What are the treatments for dengue fever?

There is no no specific treatment dengue. The treatment is symptomatic, intended to fight against pain and fever. THE nonsteroidal anti-inflammatory drugs (ibruprofen…) and especially aspirin are contraindicated due to thrombocytopenia (decrease in the number of platelets) and hemorrhagic risk.

Is there a dengue fever vaccine?

There is no vaccine against dengue fever. Prevention therefore relies on effective vector control measures.

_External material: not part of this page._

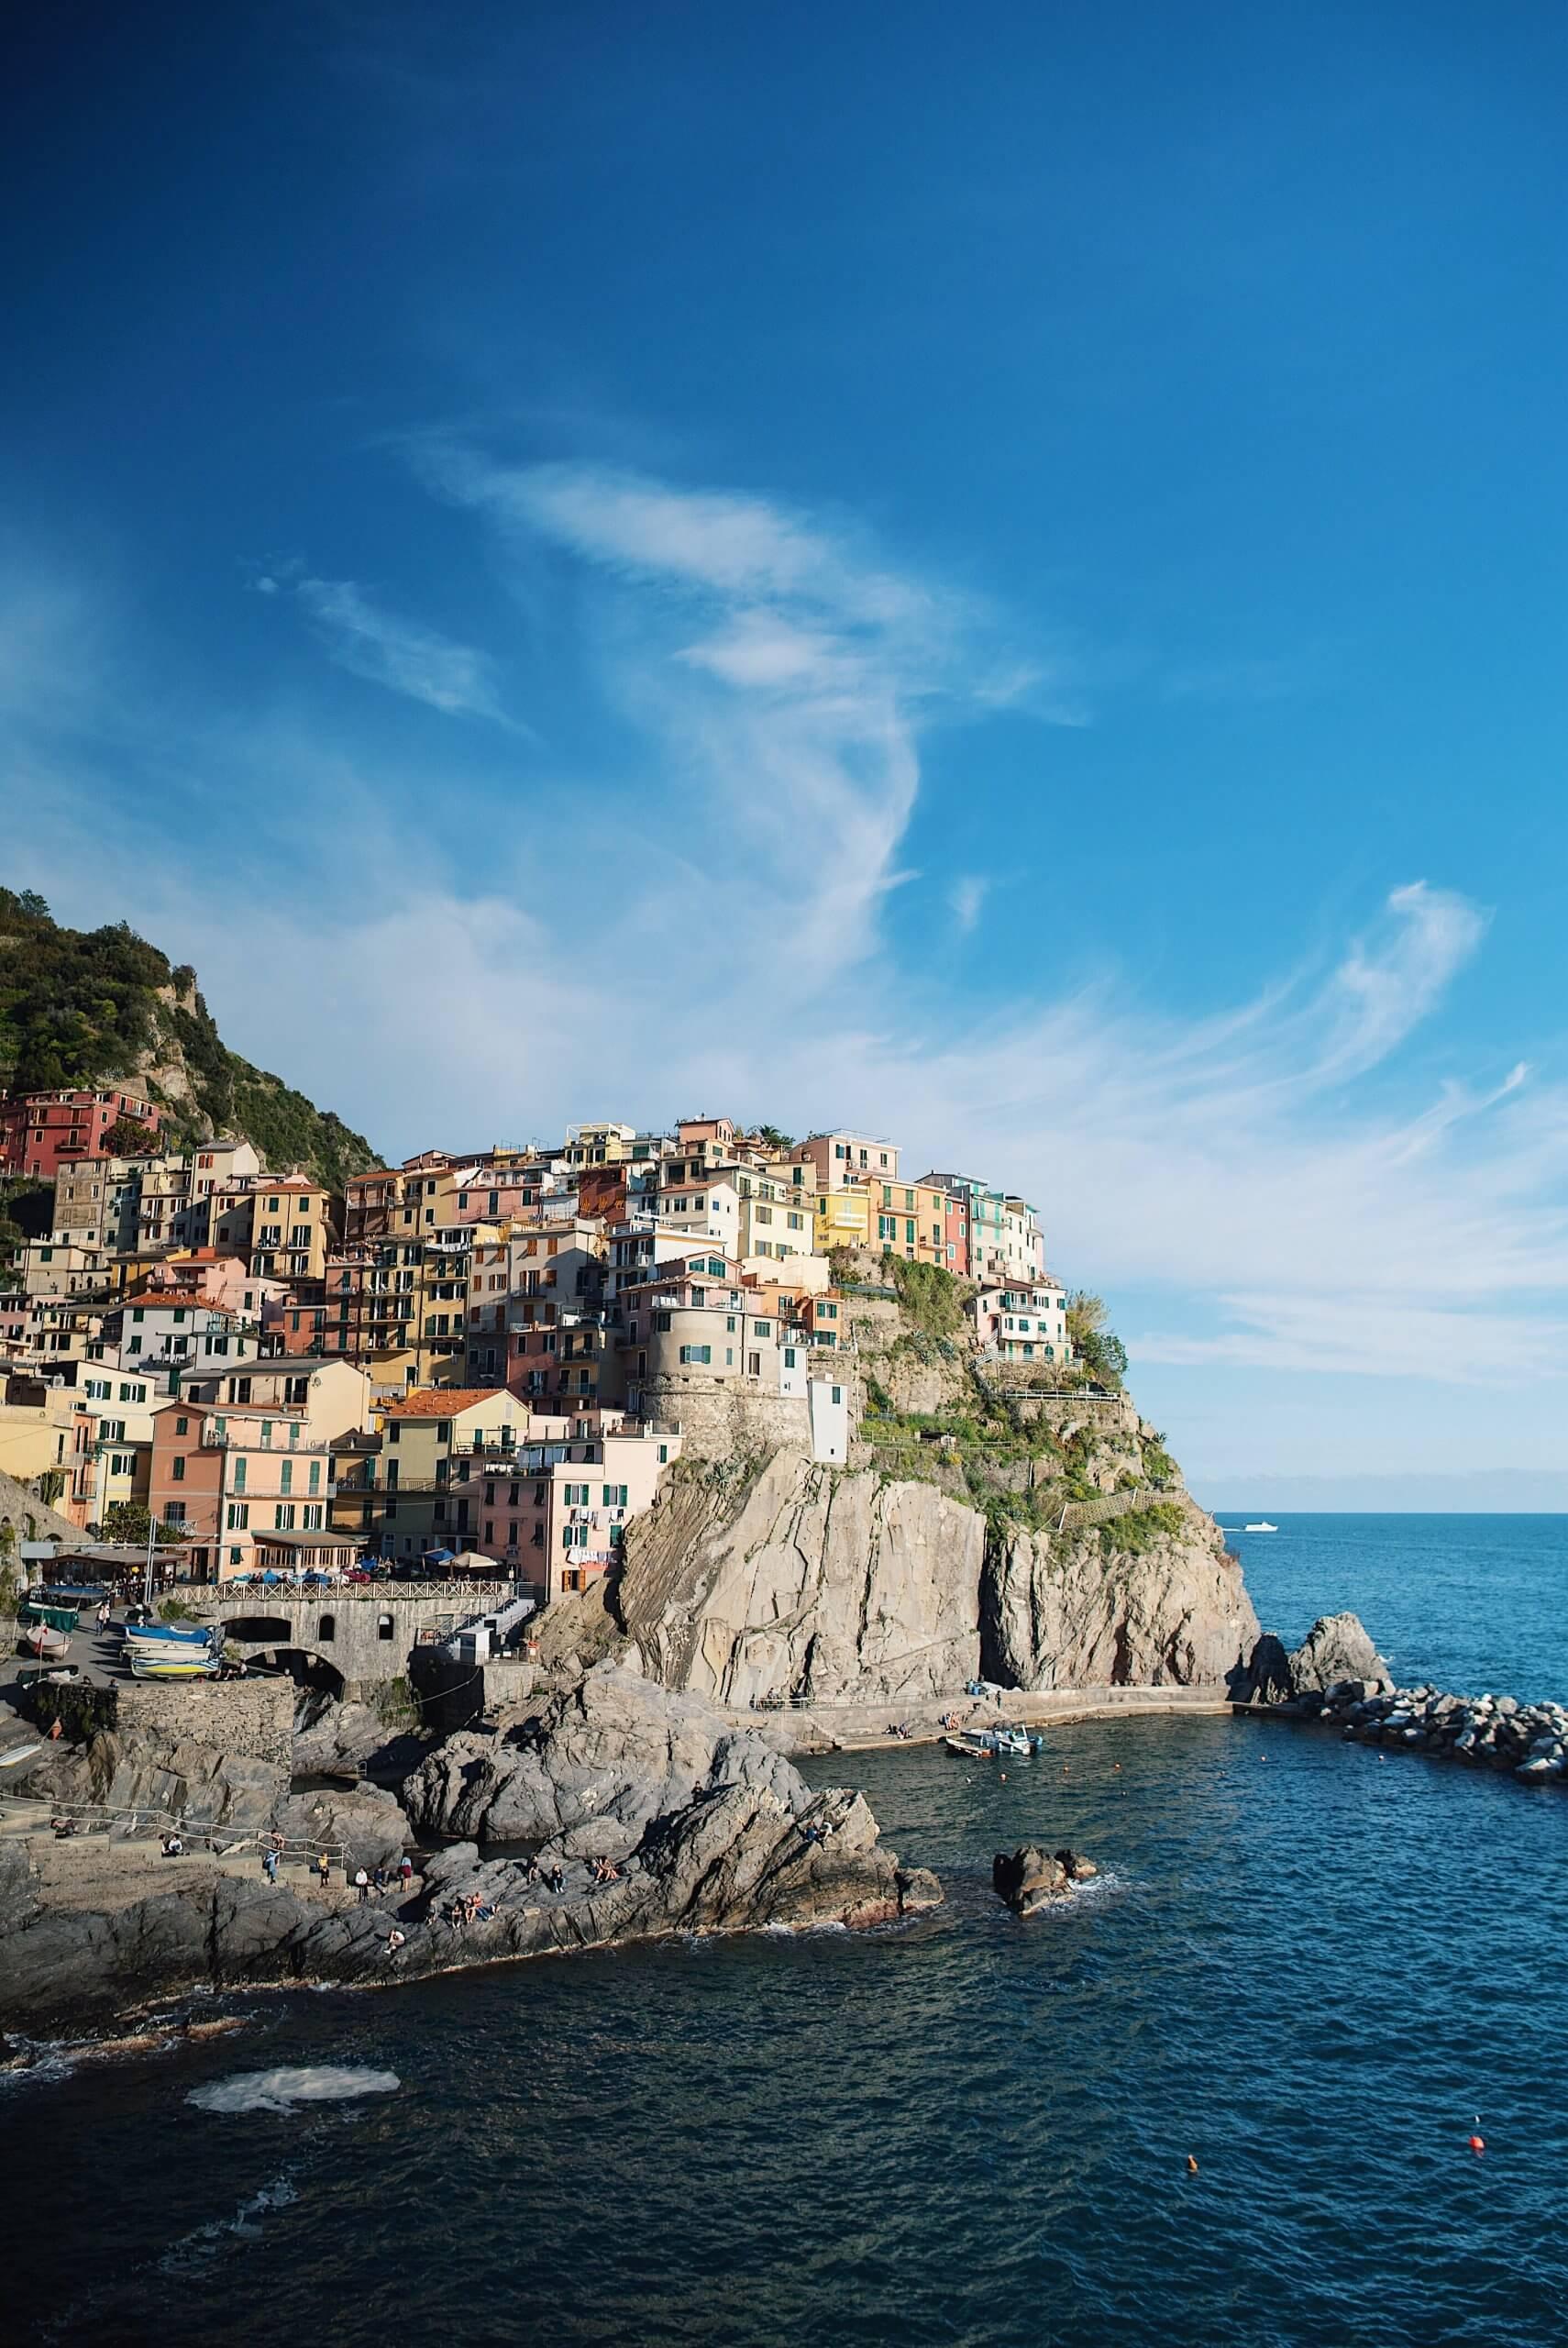 SEAstema Liguria: valorizzare le risorse e le buone pratiche locali

According to the ARS, to avoid mosquito bites, it is advisable to:

  • wear covering and ample clothing, even to impregnate them with insecticide for fabrics;
  • use a skin repellent, preferably in the morning and evening, recommended by a pharmacist, on exposed areas of skin;
  • if necessary, use mosquito nets on the openings (doors and windows);
  • using crib nets for newborns;
  • use electric diffusers inside homes;
  • use insecticide coils only outdoors;
  • use air conditioners or fans that interfere with mosquitoes.

To limit the development of mosquitoes around your homeit is right to :

  • empty, store or dispose of any container that may contain water;
  • cover water supplies with a mosquito net or cloth to make them airtight;
  • clean gutters and gutters;
  • avoid illegal dumping of waste.

Is dengue fever dangerous for pregnant women?

Dengue virus infection during pregnancy does not cause no increased risk of disease or worsening disease in the mother. The rate of malformations is not increased, but occasionally cases of congenital dengue fever are observed. Premature births and abortions are possibly more common in dengue patients. Infection of the fetus occurs before birth, during the last weeks of pregnancy.

Is dengue fever dangerous in children?

In children under 15 years old, hypovolemic shock may set in (cooling, clammy skin and imperceptible pulse signaling circulatory failure) and lead to abdominal pain. Appropriate medical treatment is necessary to avoid complications and the risk of death. An intravenous infusion must be started quickly to restore the blood volume because haemorrhages can lead to significant blood loss.

Can you die from dengue fever?

Severe dengue is a life-threatening complication by the occurrence of a State of shock or bleeding complications. Generally after the resurgence of fever, the infection starts again and can evolve in rare cases (1% of cases in people with dengue symptoms) to severe dengue. Clinical vigilance should be maximal around the 4th day. The dengue usually heals within 2 weeks, but recovery time may take several weeks. Patients may feel quite tired during this period and develop depressive symptoms.

Produced with Professor Anna-Bella Failloux, head of the “Arboviruses and Insect vectors” research and expertise unit at the Institut Pasteur.